Sterilisation of Polymer Healthcare Products

2.3: Sterility Assurance Levels (SAL)

2.3 Sterility Assurance Levels (SAL)

One of the greatest concerns in sterilisation processes and qualification/validation is assurance that the product or item being sterilised is sterile. To fully appreciate the role that statistics plays in sterility assurance, let us start from scratch and begin with the word, sterile.

Sterile is defined as the complete freedom from all living or reproducing organisms or entities.

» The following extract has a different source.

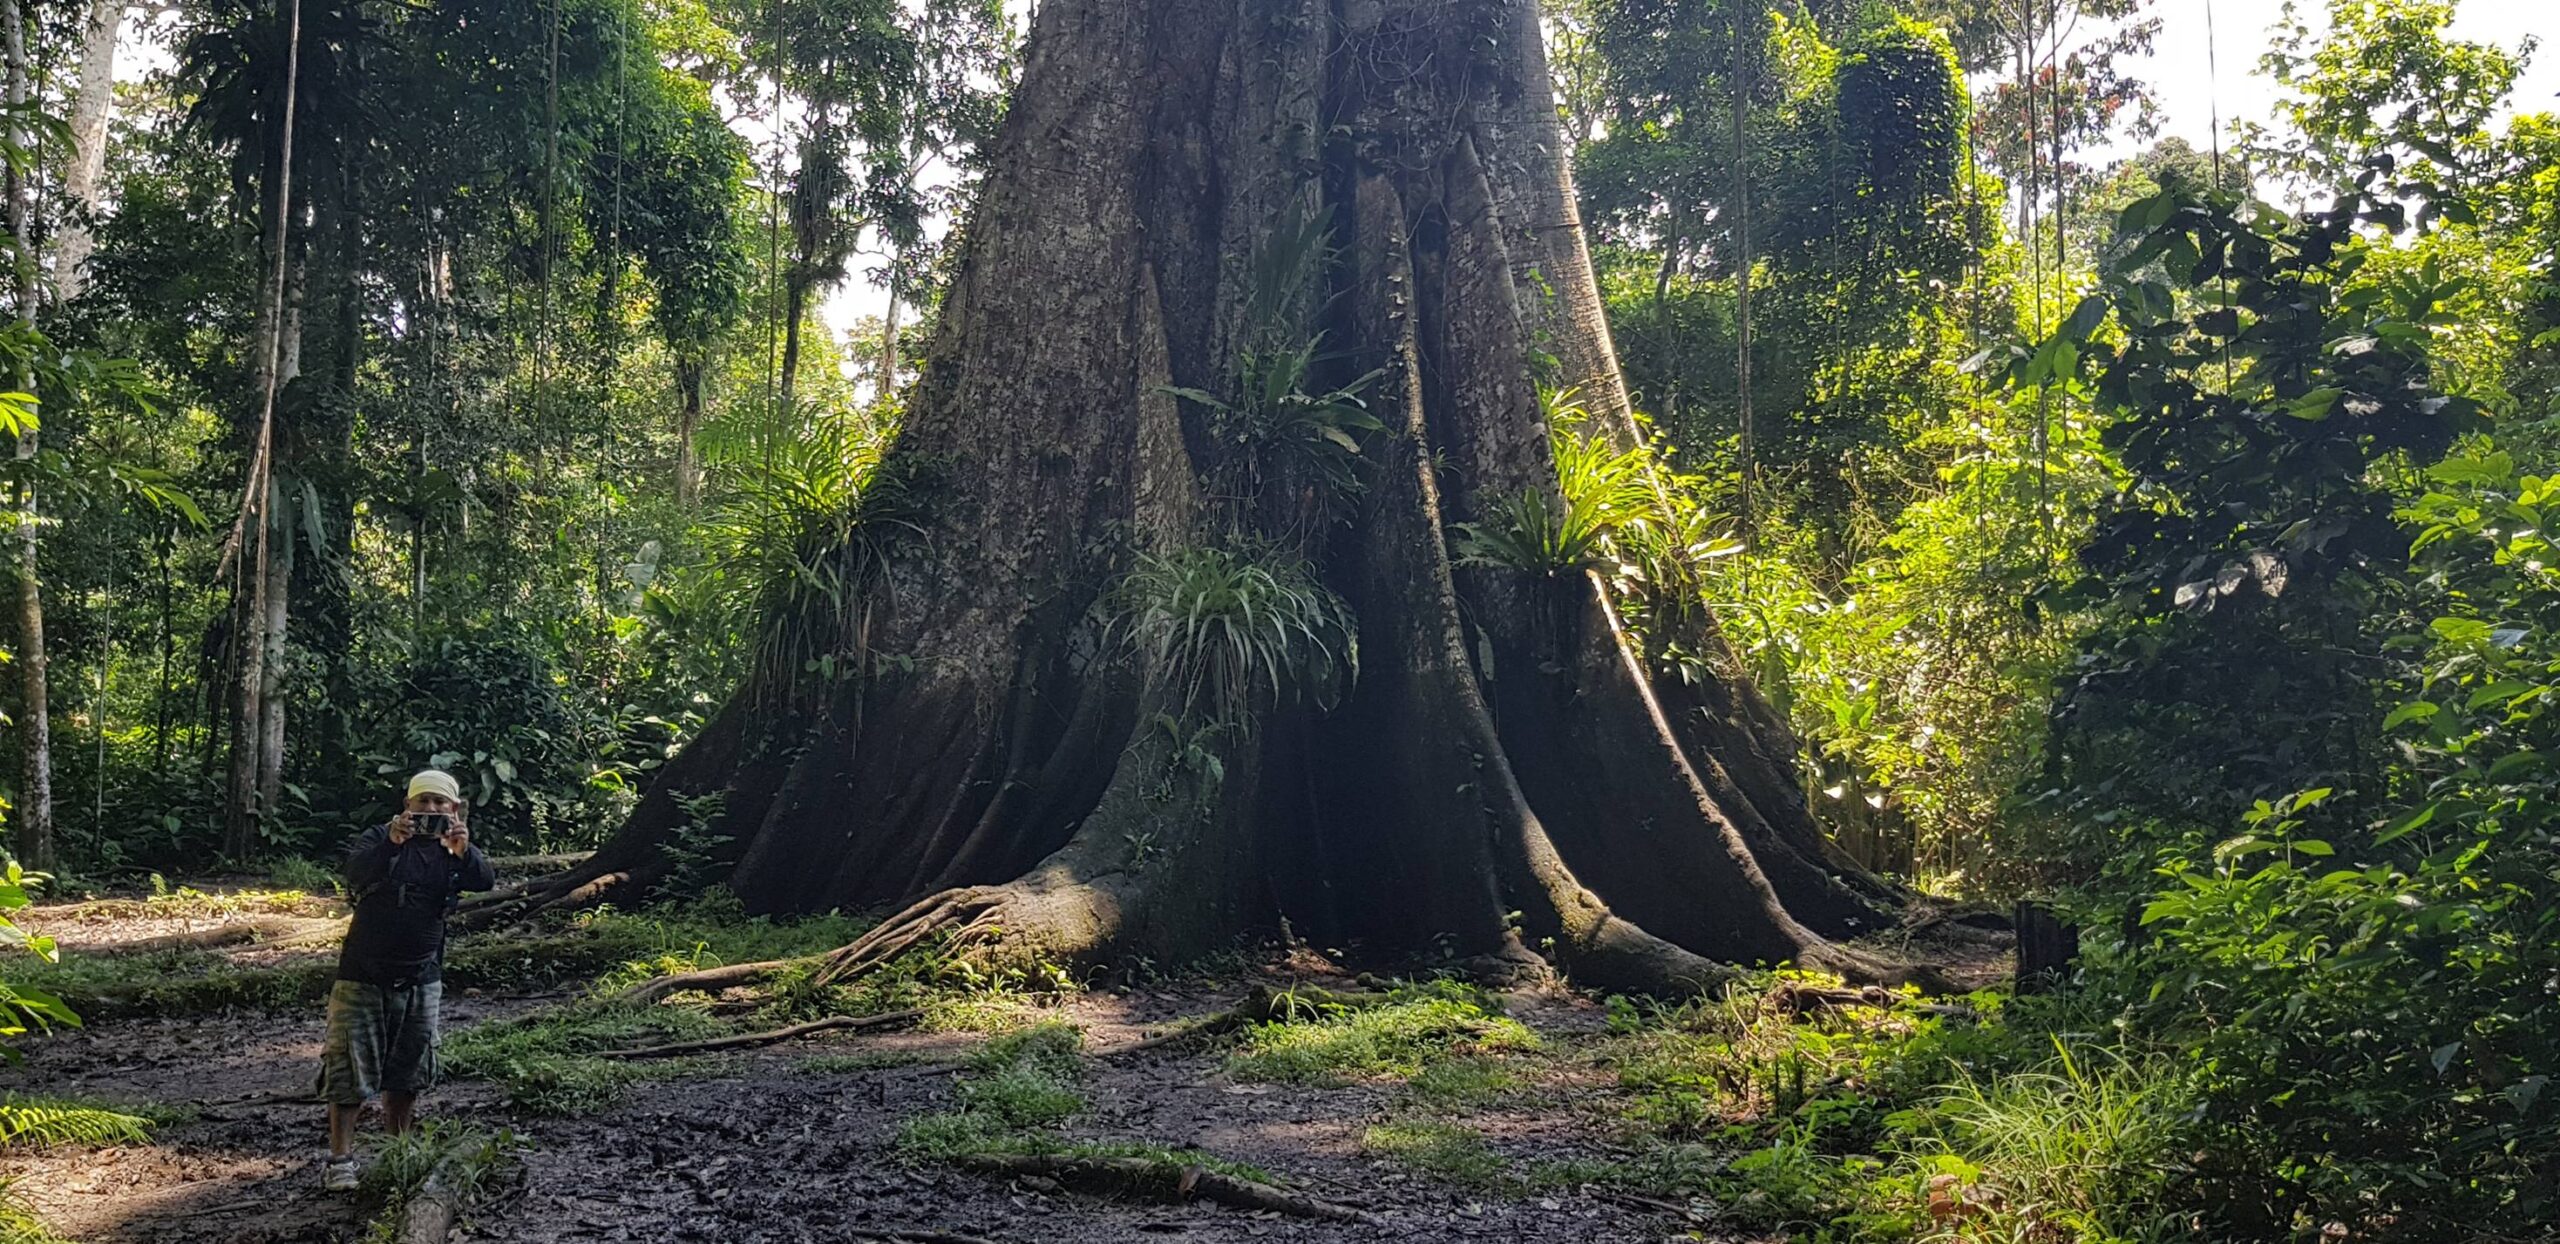 W okolicach Iquitos rosną takie drzewa tylko trzeba mieć dobrego przewodnika

The term implies an all or nothing condition. Either all micro-organisms are killed or removed or they are not. There is a tendency at times, to mistakenly use sterile in the wrong context. For example, in early medical practice sterile meant to destroy only disease organisms. In the home, baby bottles that were boiled were considered sterile.

Sterilisation must be differentiated from lesser ways of destroying or removing microbes. Terms and techniques such as disinfection, sanitisation, pasteurisation, and clean are not synonyms of sterile and to use them or apply them as such only leads to the abuse and misunderstanding of sterilisation. So when the House of Representative was sanitised with chlorine dioxide to eliminate Bacillus anthracis (anthrax), it was not intended to mean sterilisation or complete inactivation of all microbes or terrorist biological agents.

If it were sterile, it would not compromise the safety and health of inhabitants, users, or other persons passing by; it would be free not only from Bacillus anthracis, but freed from all micro-organisms.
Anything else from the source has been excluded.